Other scientists remain more skeptical on seal origins. Some taxonomists can't even decide what order in which to place pinnipeds, a group of animals that encompasses both eared seal and true (or earless) seal families, the latter of which includes harp seals. Some want to place pinnipeds under their own order Pinnipedia, while others claim pinnipeds do not merit a separate order and should be a suborder under order Carnivora, which includes dogs, cats, and bears.

Similar arguments play out over seal origins. Some scientists suggest the two families, eared seals and true seals, evolved from different land-based ancestors who took to the sea millions of years ago to take advantage of the food-rich waters (and, perhaps, to avoid predators). These scientists say the former family likely evolved from a bear-like or dog-like ancestor in the North Pacific, while the latter family (which includes harps) descended from an otter-like carnivore in the North Atlantic. And then there is the small group of scientists that believe all pinnipeds may have evolved from a common, bear-like ancestor more than 25 million years ago.

Who to believe? Who knows.

I personally like the mythological origin of seals that Marianne Riedman spells out in her 1990 book, Pinnipeds: Seals, Sea Lions, and Walruses:

…How seals evolved has always been perfectly clear to the Inuit Eskimos. The story they tell of the creation of seals revolves around Nuliajuk…. also known as Sedna the Eskimo girl. The Netsilik Eskimos worshipped Nuliajuk as their most powerful spirit—the mother of all the animals and the mistress of the sea and land. As one version of the story goes, Sedna and her father were at sea when some seabirds whom they had offended created a terrible storm. The father panicked and flung his daughter overboard as an offering to the birds. As Sedna clung to the edge of the boat, her father cut off her fingers, which, falling into the ocean, were transformed into seals and whales. Ever since, Sedna, or the spirit Nuliajuk, has controlled the weather and the seals, taking the animals away from the hunters when she is angry.
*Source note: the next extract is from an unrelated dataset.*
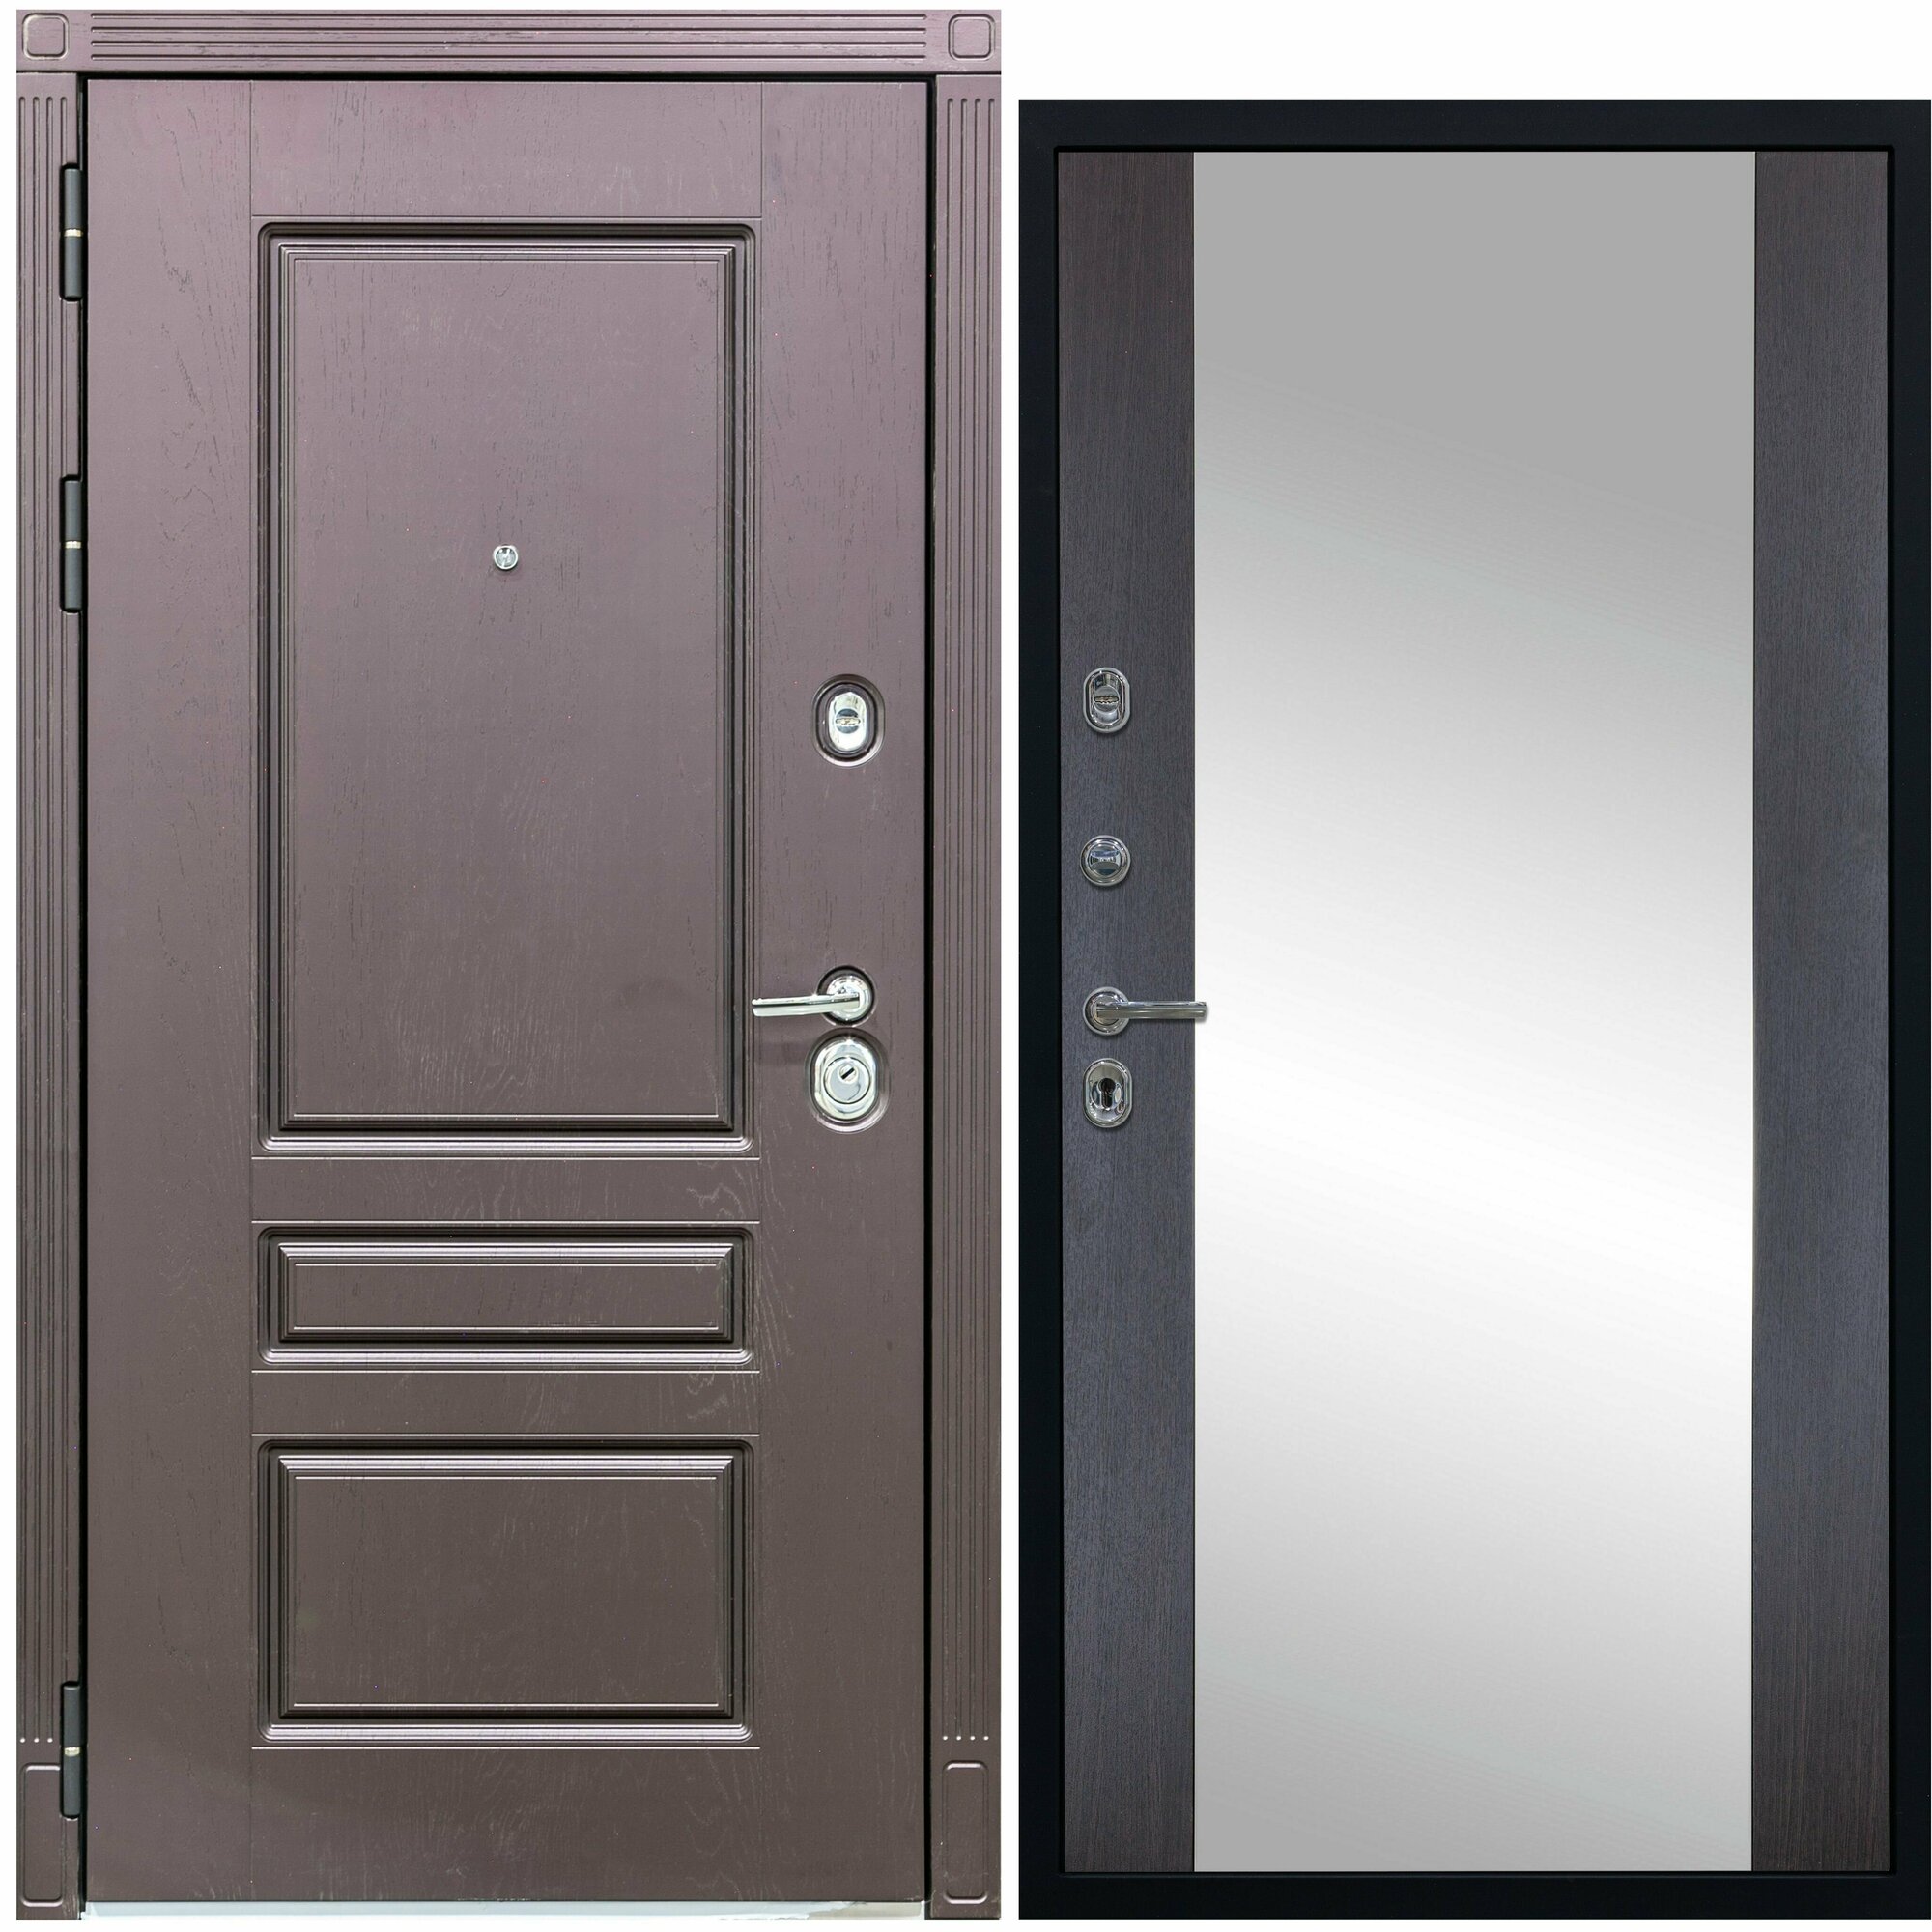 Дверь входная металлическая DIVA ДХ-27 Зеркало 2050x960 Левая Крафтовый дуб - Д15 Венге, тепло-шумоизоляция, антикоррозийная защита для квартиры

I like to think that Sedna is foot-stompingly mad right now. Mad about how many seals are killed in Canada, mad about how they are killed, and mad that the very animals she created are treated with such selfish contempt by commercial hunters. Perhaps she will take the animals away from sealers this year.

Tim Carman is the managing editor of hsus.org.

Back to top

March 29: The Thick, Deadening Sound of the Seal Hunt


(photo: HSUS)

By Tim Carman

THE GULF OF ST. LAWRENCE, Tuesday, March 29—Many have seen the graphic footage of hunters whacking young harp seals, but few have stood on an ice floe in the Gulf, ankle-deep in slush, ice, and water, and actually heard the sound of a hakapik striking a pup's skull.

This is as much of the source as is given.